Why We Vote On Tuesdays

Basically, you can blame 19th century modes of transportation:

It’s Tuesday — exactly two weeks out from Nov. 6, Election Day. Why is voting day for American federal elections always a Tuesday? The answer is a bit obscure and has to do with buggies.

Let me explain.

The story starts all the way back with the Founding Fathers. “The Constitutional Convention just met for a very brief time during the summer of 1787,” Senate Historian Don Ritchie says. “By the time they got finished they were exhausted and they hadn’t made up their minds on a lot of things.”

They were pooped. So they left the question of when federal elections should be held undecided. Without that laid out, states were left to set their own voting dates, which meant several decades of electoral chaos. Ritchie describes it as a “crazy quilt of elections” held at all different times, all over the country.

Finally, in 1845, Congress decided to get things under control. Ritchie says lawmakers reasoned that Monday was out because (this is where the buggies come in) people would have to travel to the polls in their buggies on Sunday, the Sabbath. And in a mostly farming society, Wednesday wouldn’t work because that was often market day.

So, Tuesday was the day, and that seemed to work great for 19th century voters. “In the 1840s, elections were a big to-do — there was a lot of hoopla, there were parades,” Ritchie says. “Whole families would come on wagons from the farms; people would get dressed up for the occasion.”

Though the America of buggies and markets has long since given way to minivans and supermarkets, Tuesday remains the day we vote.
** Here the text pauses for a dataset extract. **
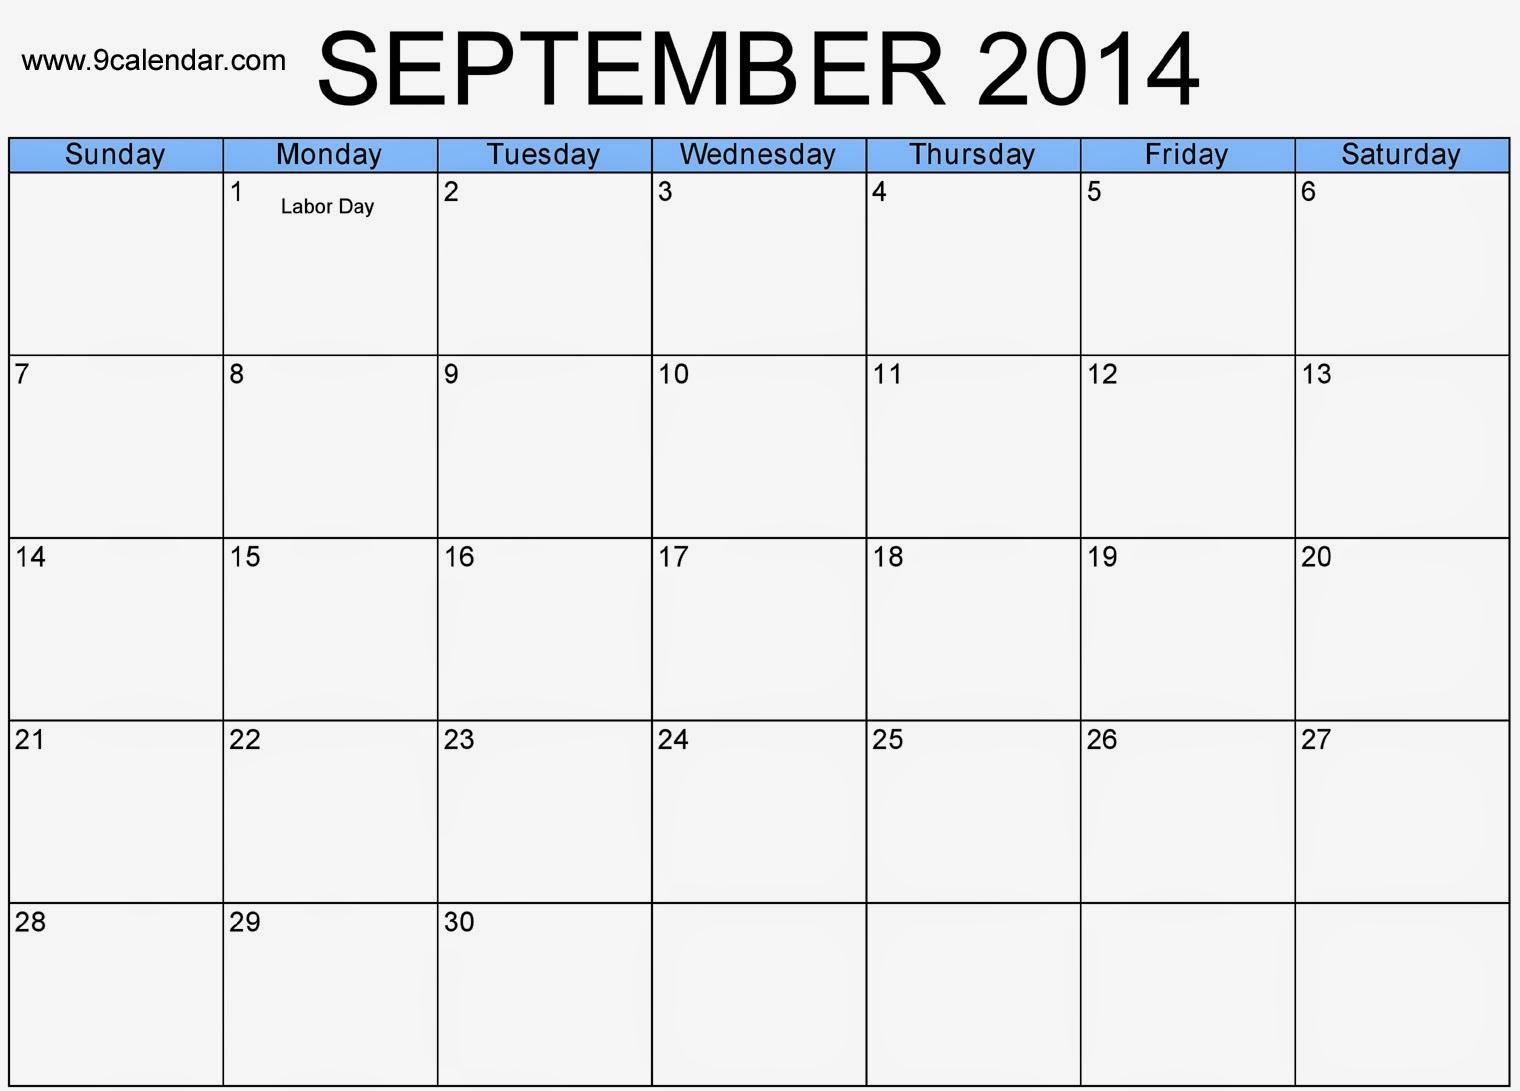 Online Free Printable Calendars 2012 Free Monthly Calendar Or Planner Printable Online Free Printable Calendar 2017 Download September 2014 Calendar

That made sense back then, but I’m not sure it makes sense now.

H/T: Andrew Sullivan

FILED UNDER: 2012 Election, US Politics, , ,
Doug Mataconis
About Doug Mataconis
Doug Mataconis held a B.A. in Political Science from Rutgers University and J.D. from George Mason University School of Law. He joined the staff of OTB in May 2010 and contributed a staggering 16,483 posts before his retirement in January 2020. He passed far too young in July 2021.

Comments

  1. cd6 says:

    Why we vote on a tuesday now: because if you voted on the weekend or a national holiday, far many more of “the poors” could actually vote, and that could shake up the status quo, and we can’t have that, now can we

  2. Jeremy says:

    Ignoring cd6…

    I actually think it would be a good idea to have votes on Fridays. Make it a national holiday (or a state holiday if it’s an off-year election) and once people get done voting, they go get hammered at a postseason baseball game. I think this is a win-win for everybody.

  3. PJ says:

    @Jeremy:

    I actually think it would be a good idea to have votes on Fridays.

    Fridays are a religious holiday among Pastafarians.

    Pastafarian worshipers of the Flying Spaghetti Monster observe a similar weekly day of rest, marking the day when, founder Bobby Henderson says, the monster took “an extended break from the whole creation gig” and declared, “From here on out, every Friday is a holiday.”

  4. @cd6:

    Why we vote on a tuesday now: because if you voted on the weekend or a national holiday, far many more of “the poors” could actually vote, and that could shake up the status quo, and we can’t have that, now can we

    Except “the poors” I know are far more likely to be off Tuesday/Wednesday, which are the slowest days in the retail business, then on weekends.

  5. MstrB says:

    Wait, did you delete the part where Sullivan added “AND RACIST!”

  6. Doug Deal says:

    Monday seems like a bad day to have elections because it is the first day of the work week, and there is some non trivial setup required for voting machines and such. I am not sure how well things would work if you came in from the weekend and just had people vote on Monday at 7AM.

    Later in the week means less time to finalize counts before the weekend. These are government employees afterall.

  7. Interestingly, almost the entire world votes on either Saturday or Sunday.

  8. The odds are quite good, also, that if we voted on Sunday or Saturday (or on a national holiday) that participation would increase.

  9. Just 'nutha ig'rant cracker says:

    @Steven L. Taylor: And that would be desirable because increasing the number of uninformed people voting would yield a positive social result?
    (And no, I don’t accept the possibility that people would work harder at becoming informed–if for no other reason than that our system of running for office seems to lean toward running on baseless innuendo as opposed to reasoned positions on policy matters.)

  10. @Just ‘nutha ig’rant cracker: Upon what do you base the notion that increased turnout only increased the turnout of the uninformed?

  11. The funny thing is on all of these threads about voting and and whatnot, it is often pretty clear that a lot of commenters really don’t want a democracy (or, if one prefers, a “representative republic” or a “constitutional republic” or whatever phrase one prefers) but, rather, really wants an oligarchy of sorts of the “right kind of people” (where said “right kind of people” varies depending on the commenter).

    This quite clear, for example, in any thread on the EC.